MS in Quantitative Social Sciences
Where Evidence Meets Impact
The GW Master of Science in Quantitative Social Sciences (MSQSS) is a dynamic, STEM-designated program that prepares students to turn data into insight and insight into action. The program offers rigorous, hands-on training in statistical analysis, data interpretation and research methodology that is rooted in the social science disciplines of political science, economics, sociology and statistics. Whether you're aiming to launch your career or elevate it, the MSQSS program equips students with the skills to address complex societal questions through a data-driven lens.
Program Benefits

Ideal Location in D.C.
Students enjoy unparalleled opportunities for internships and employment in government agencies, nonprofits and private sector organizations.

Career Paths
Graduates gain a competitive skill set ideal for work in academia, research, government, nonprofits, election campaigns, survey research and more.

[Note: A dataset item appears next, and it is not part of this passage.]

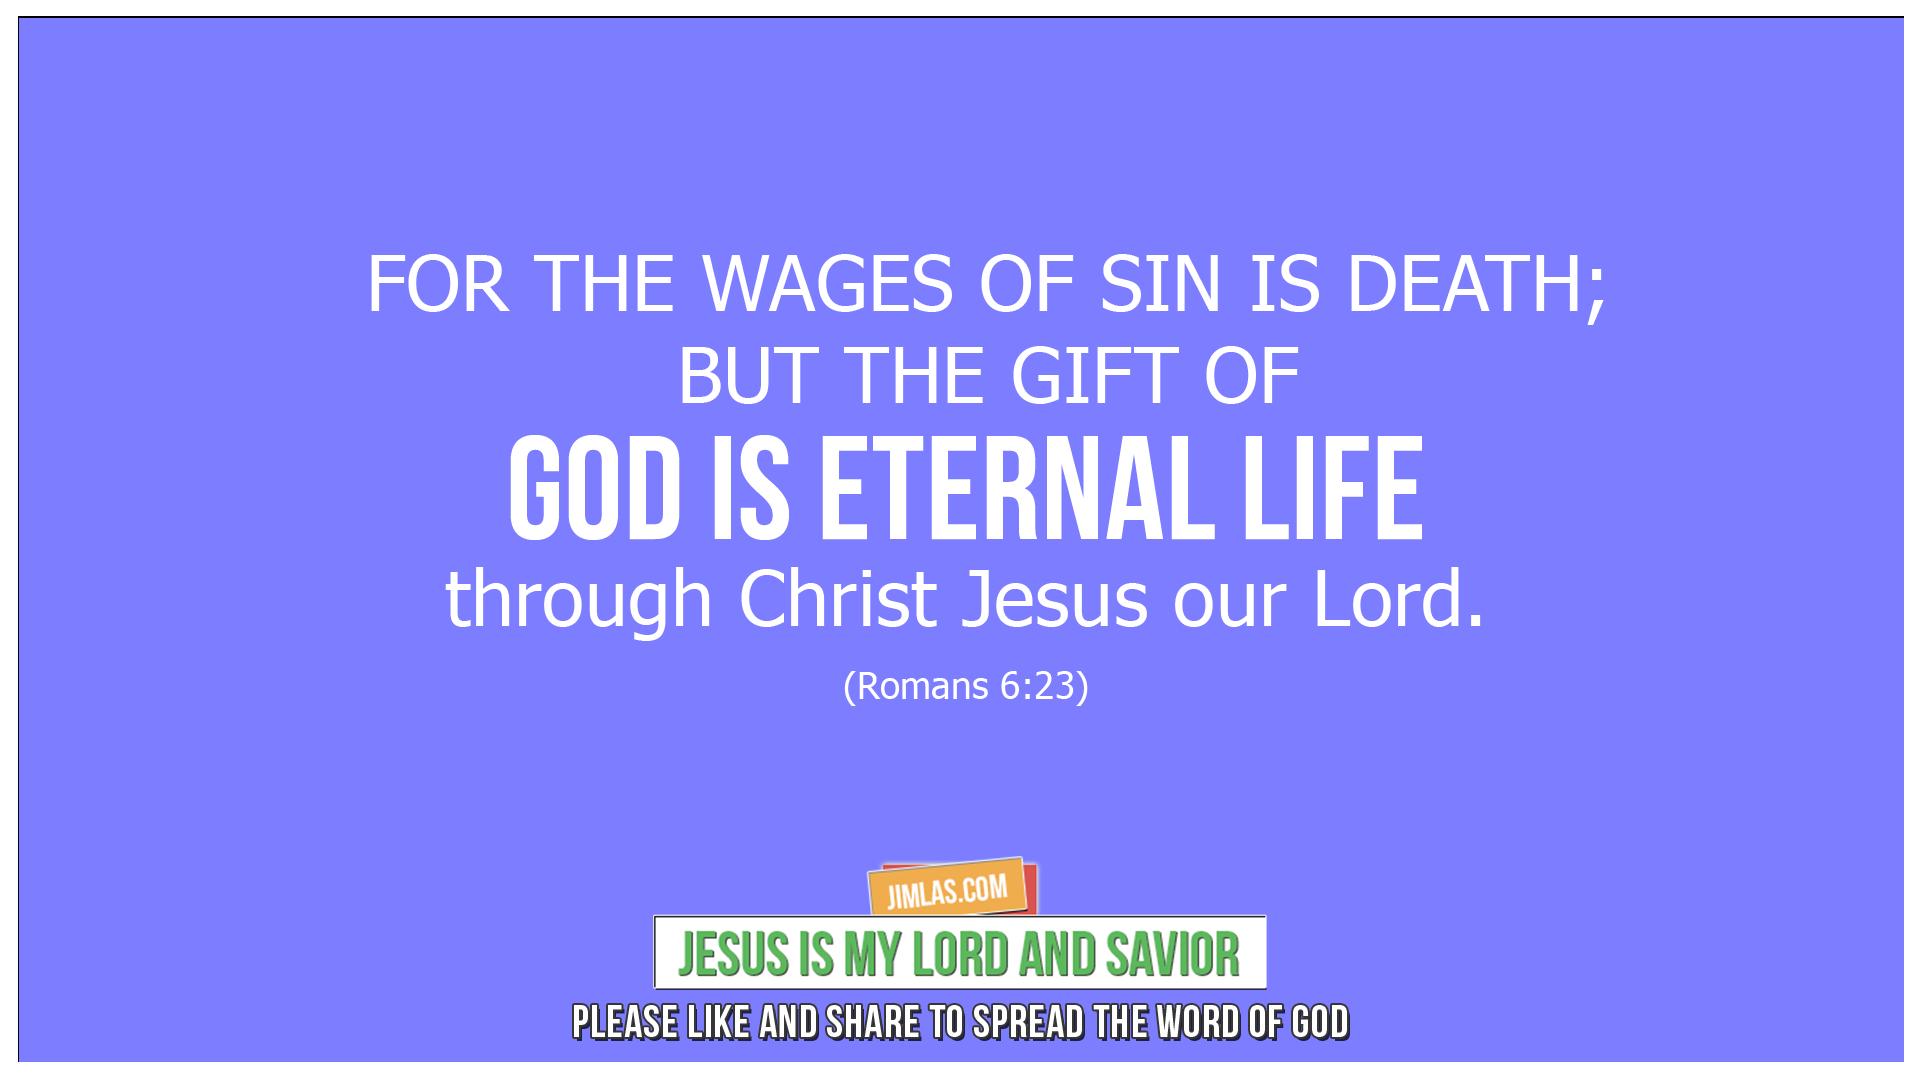 romans 6 23, Romans 6:23

Statistical & Software Proficiency
Students gain proficiency in statistical computing with programs that include R, Python and Stata.

Research-Active Faculty
Our faculty are well known in their fields and work closely with students to hone their research skills.
Application Deadlines
Fall Admission
February 1: To be considered for fellowships and financial aid
April 1: Admissions without consideration for financial aid
Spring Admission
October 1
Capstone
All students complete a culminating capstone project in their final semester, which provides the opportunity to apply the skills and knowledge they have accumulated in the program to their own research interests. Students consult the capstone course instructor and their peers when developing the research project.

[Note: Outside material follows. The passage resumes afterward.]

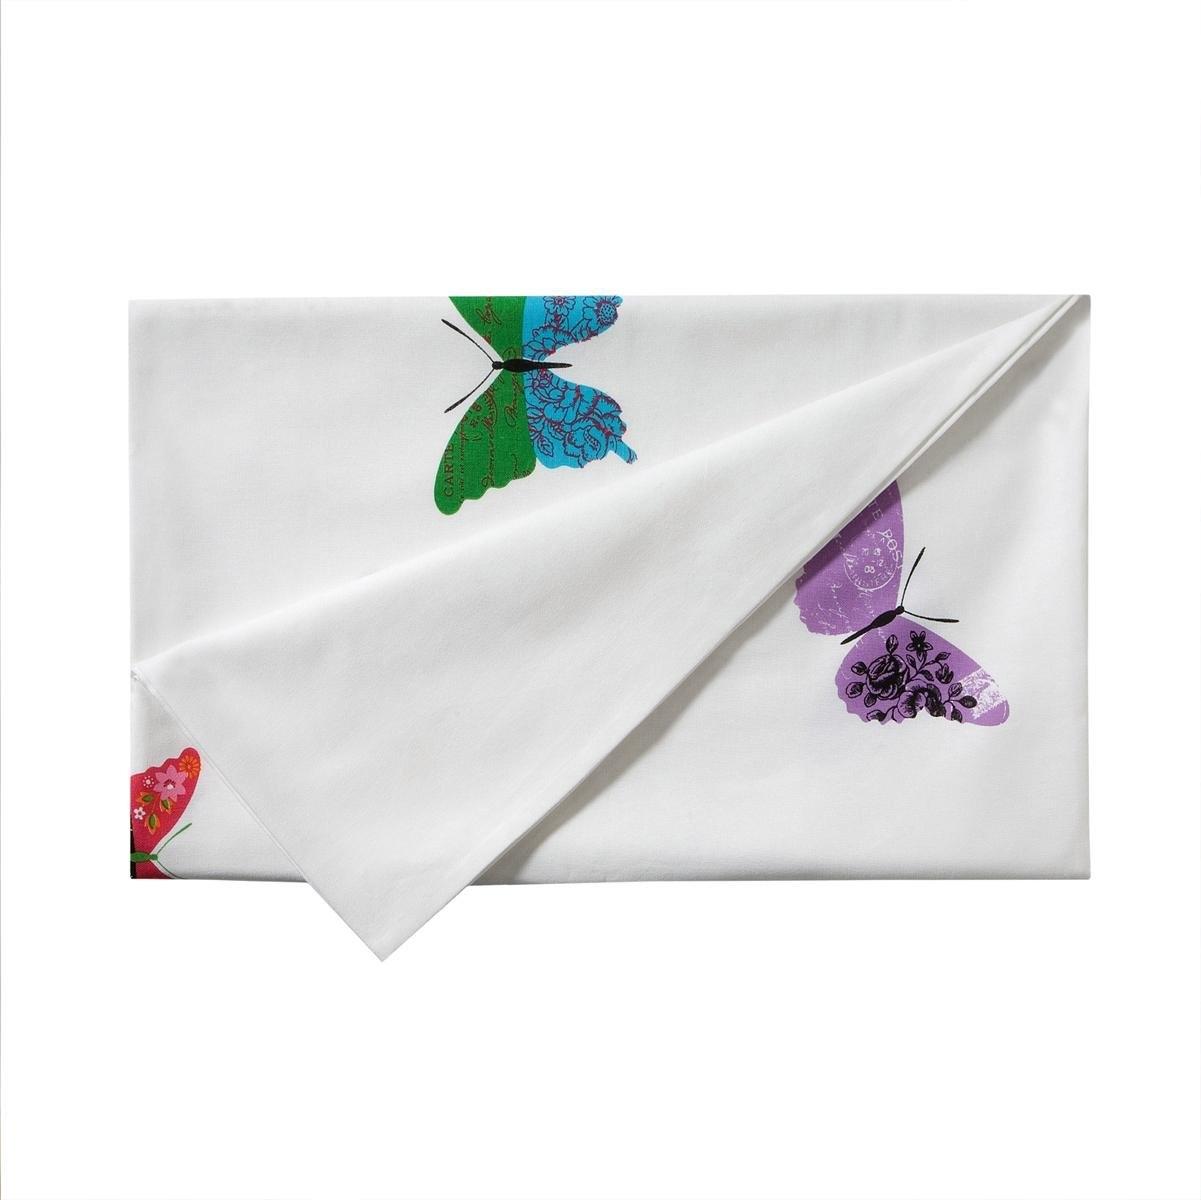 Ddddd tafellaken »Butterfly« - verschillende betaalmethodes

Review the Course Requirements section for details.
Course Requirements
The following requirements must be fulfilled:
The general requirements stated under Columbian College of Arts and Sciences, Graduate Programs.

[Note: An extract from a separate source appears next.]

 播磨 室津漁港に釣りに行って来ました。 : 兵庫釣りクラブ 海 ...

30 credits, including 12 credits in required core courses, 9 credits in selected quantitative courses, 3 credits in required skills courses, and 6 credits in elective courses.
Code | Title | Credits |
---|---|---|
Required | ||
Core courses | ||
QSS 6000 | Seminar in Quantitative Social Science | |
QSS 6001 | Data Visualization | |
QSS 6002 | Probability and Statistical Modeling | |
QSS 6500 | Capstone Research | |
Quantitative courses | ||
Three courses (9 credits) selected from the following: | ||
ECON 6335 | Applied Financial Derivatives | |
ECON 6378 | Machine Learning for Economics | |
PSC 8121 | Causal Inference | |
or ECON 6379 | Causal Inference and Research Design | |
or STAT 6230 | Causal Inference | |
PSC 8124 | Multilevel Modeling | |
PSC 8128 | Surveys and Experiments | |
PSC 8185 | Topics in Empirical and Formal Political Analysis | |
SOC 6291 | Methods of Demographic Analysis | |
STAT 6217 | Design of Experiments | |
STAT 6225 | Longitudinal Data Analysis | |
STAT 6231 | Categorical Data Analysis | |
STAT 6240 | Statistical Data Mining | |
STAT 6250 | A/B Testing (Design and Analysis) | |
STAT 6260 | Statistical Deep Learning | |
STAT 6287 | Sample Surveys | |
Skills courses | ||
QSS 6005 | Topics in QSS Technical Skills (taken twice for a total of 3 credits) * | |
Electives | ||
Two courses (6 credits) selected from graduate courses in political science, sociology, statistics, or another program or department with the permission of the program’s director of graduate studies. |
*Technical skills courses are six-week modules for 1.5 credits per module. Students must take two technical skills courses, focused on different skills, in the same semester. Options might include Python, SQL & Databases, Machine Learning, Bayesian Statistics, and More in R. A fourth quantitative course may be substituted for the skills requirement with the approval of the program’s director of graduate studies.